My Neighbor Totoro‘s cast emits a very childlike air – unsurprisingly considering that the main characters, Mei and Satsuki, are children themselves, and the film’s intended targeted audience. Totoro, his miniature cohorts and the Almighty Cat Bus™ also share hints of these through their nonchalant, gentle and friendly demeanors towards those who acknowledge them, and are all smiles with no sign of distaste towards anyone. For the viewer, a common theme of the characters is that they’re representative of the ideal human, which wills no harm in anything, and seeks harmony in all things at all times. Even the adults, who have presumably seen and experienced more than they did, also inhibit this childlike persona; such as Mei and Satsuki’s parents, who are always happy, kind, and considerate to all.

On the other hand, things are a lot more detailed in personality for the lead animal quartet of The Wind In The Willows. Mole is adventurous, optimistic and jovial yet lacks patience; Rat is a brave soul with a short temper; and Badger is an introverted individual with upright morals and an invitational spirit. Perhaps the most developed character of them all is Toad, who gets three segments dedicated to him, and is easily the closest thing to complex this tale has – starting from a glutton for reckless driving to a self-respecting, humbled aristocrat at the end. He’s fabulously rich, extroverted and well-tempered; but lacks discipline ten times worse than Mole – reminiscent of someone who has ADHD.

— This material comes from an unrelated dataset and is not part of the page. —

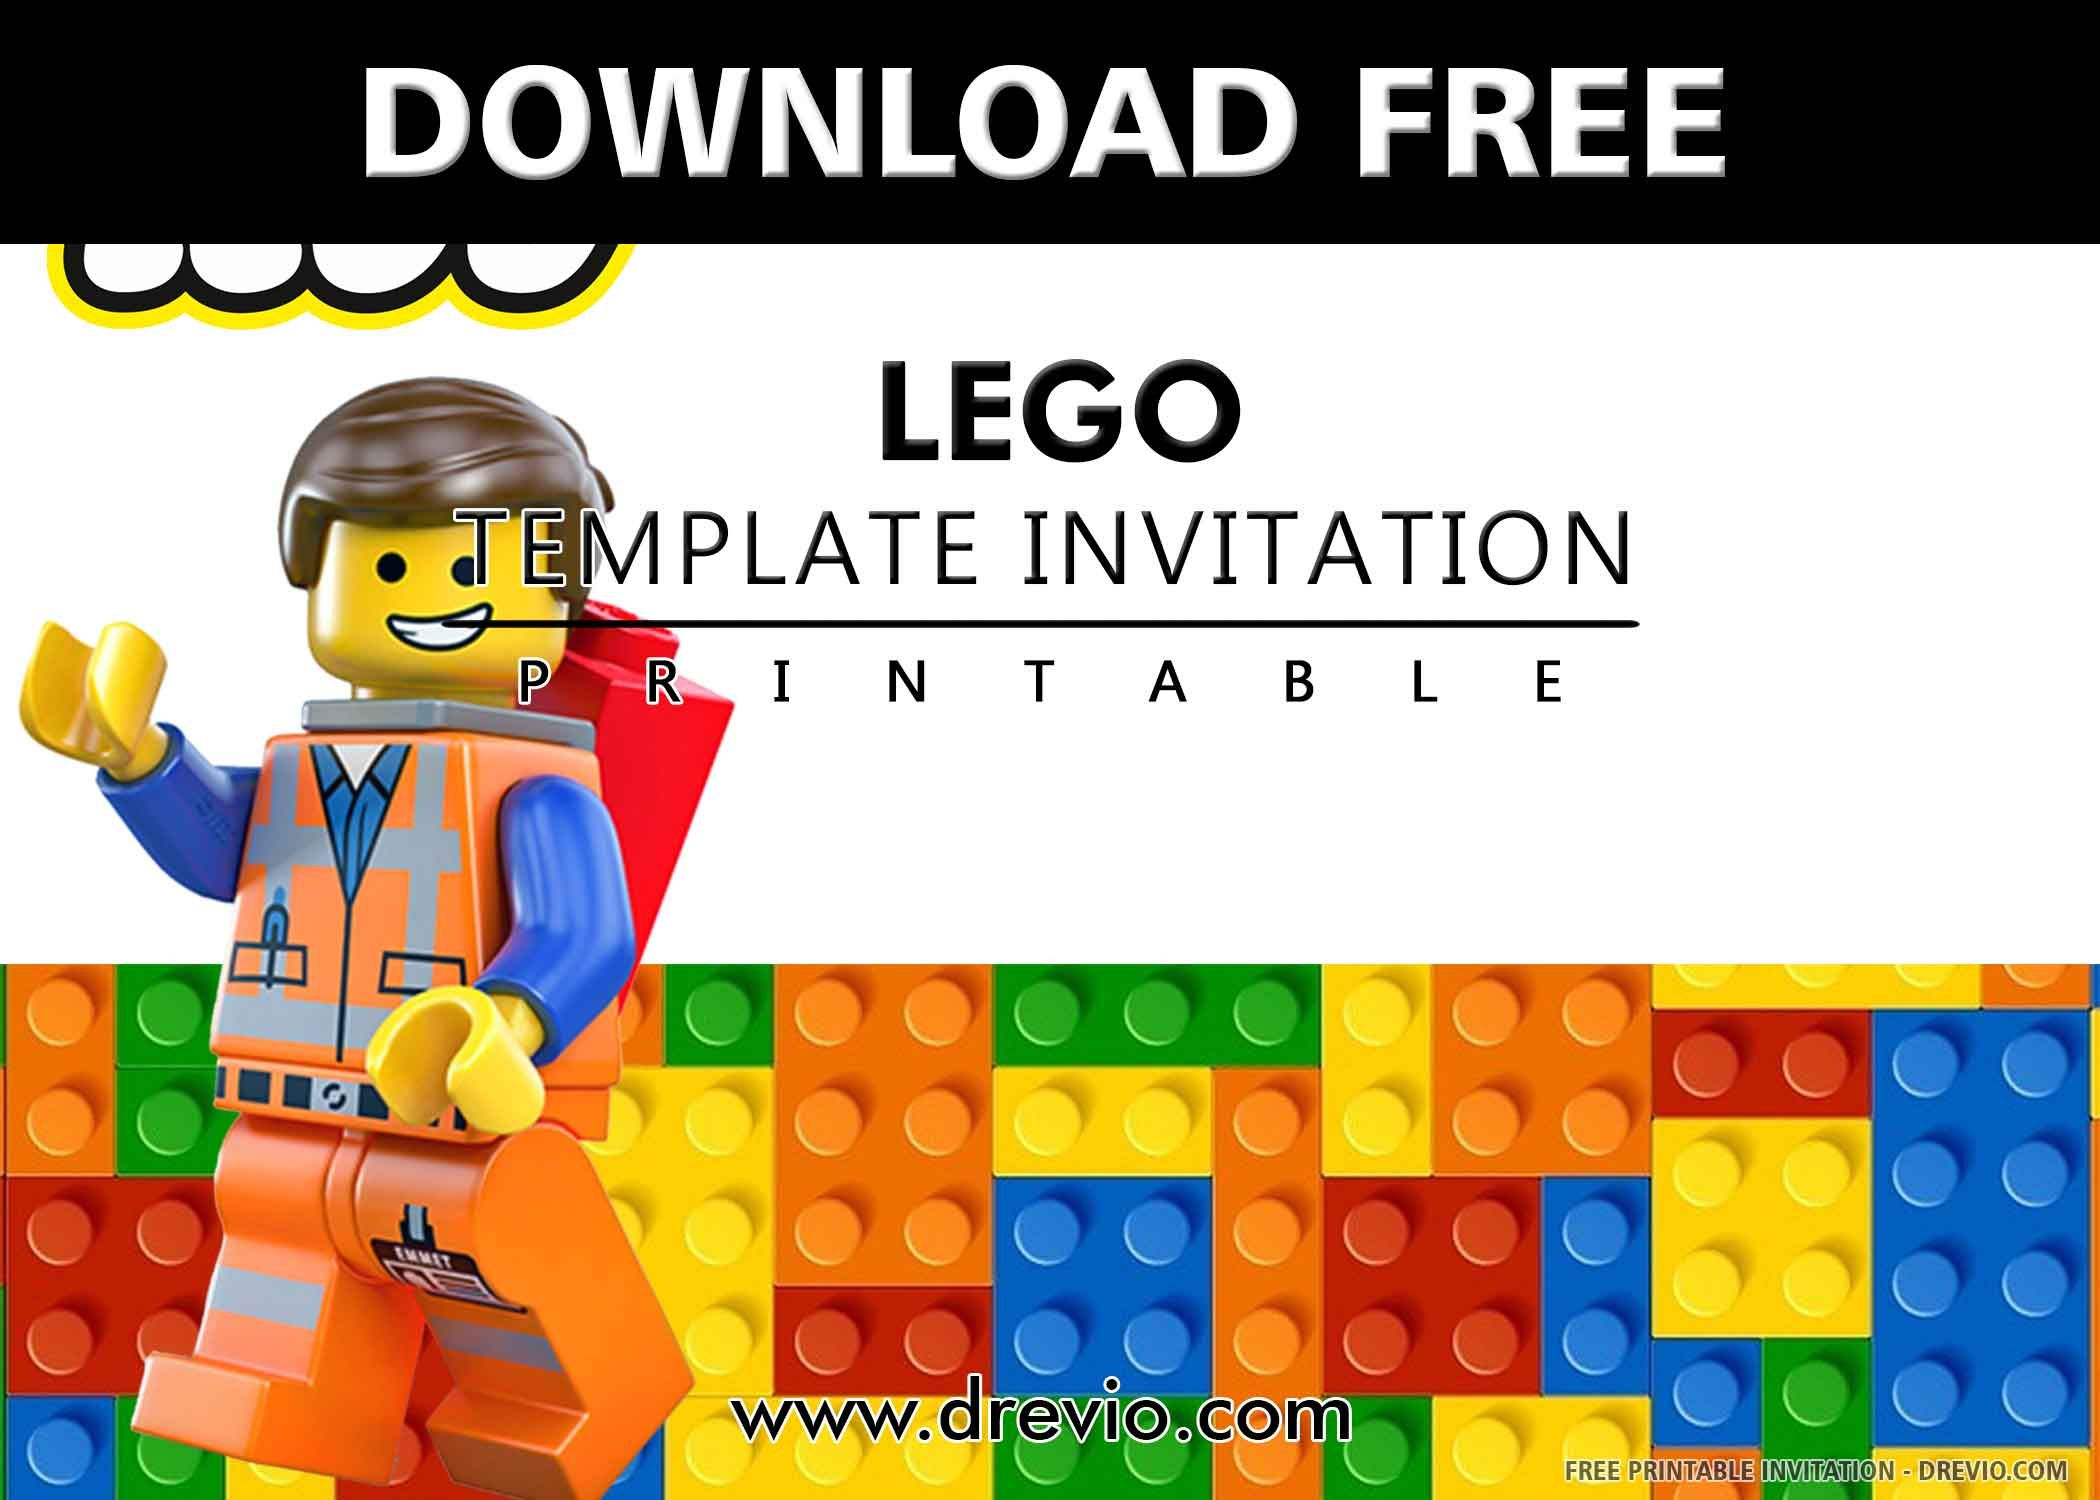 Free Printable Lego Birthday Invitation Templates

The characters really reflect the innocent stature of the shows’ atmosphere. No matter the moment all the characters prove themselves likeable and hardly a smidge of insufferability exists on-screen. In addition, given the original target audience the source writers made sure to keep all of them from entering either the Mary Sue or “too complex to understand” territory. But there’s one element where The Wind In The Willows stands out, and it’s in the form of how human, and therefore relatable they are despite appearances, in contrast to the carefree counterparts in Miyazaki’s film. To clarify: I like to think of these characters as the complete version of the My Neighbor Totoro cast.

Each of them manage to pinpoint a certain human trait that we see in others around us, even if it be ourselves. Think of someone who is as lively as Mole, crazy like Toad, firm-grounded like Badger, or friendly as Rat; I’m sure we can find someone who is much like them at times. What’s more, the story doesn’t hesitate to point out not only their strengths, but their flaws as well; for all their good points there’s always going to be something that is off about them. For example, Badger’s first appearance, where he’s gruff and stern, or the side story where Rat and Mole clean up the latter’s home, which has become dusty due to lack of care. That’s what make them not just more believable, but also respected for generations. For this reason Roosevelt wrote that he recognized them as “old friends” – and it makes sense, for when you put them together the grouping really begins to resemble our friend circles.



But The Wind In The Willows is not just a story about anthropomorphic animals congregating with and only with each other. Most notably, Toad engages with this the most, through his time and escape from prison, where he gets the sympathy of a warden’s daughter and a train conductor, as well as the ire of a local washerwoman, law enforcement, and those people whose automobiles he robs. In another instance, Mole and Rat come face-to-face with their own nature spirit, like Mei and Satsuki do with Totoro, who leads them to the location of the lost child of their friend Otter. The relationship between the two species comes down to mainly give-and-take; no sign of mutual respect among them.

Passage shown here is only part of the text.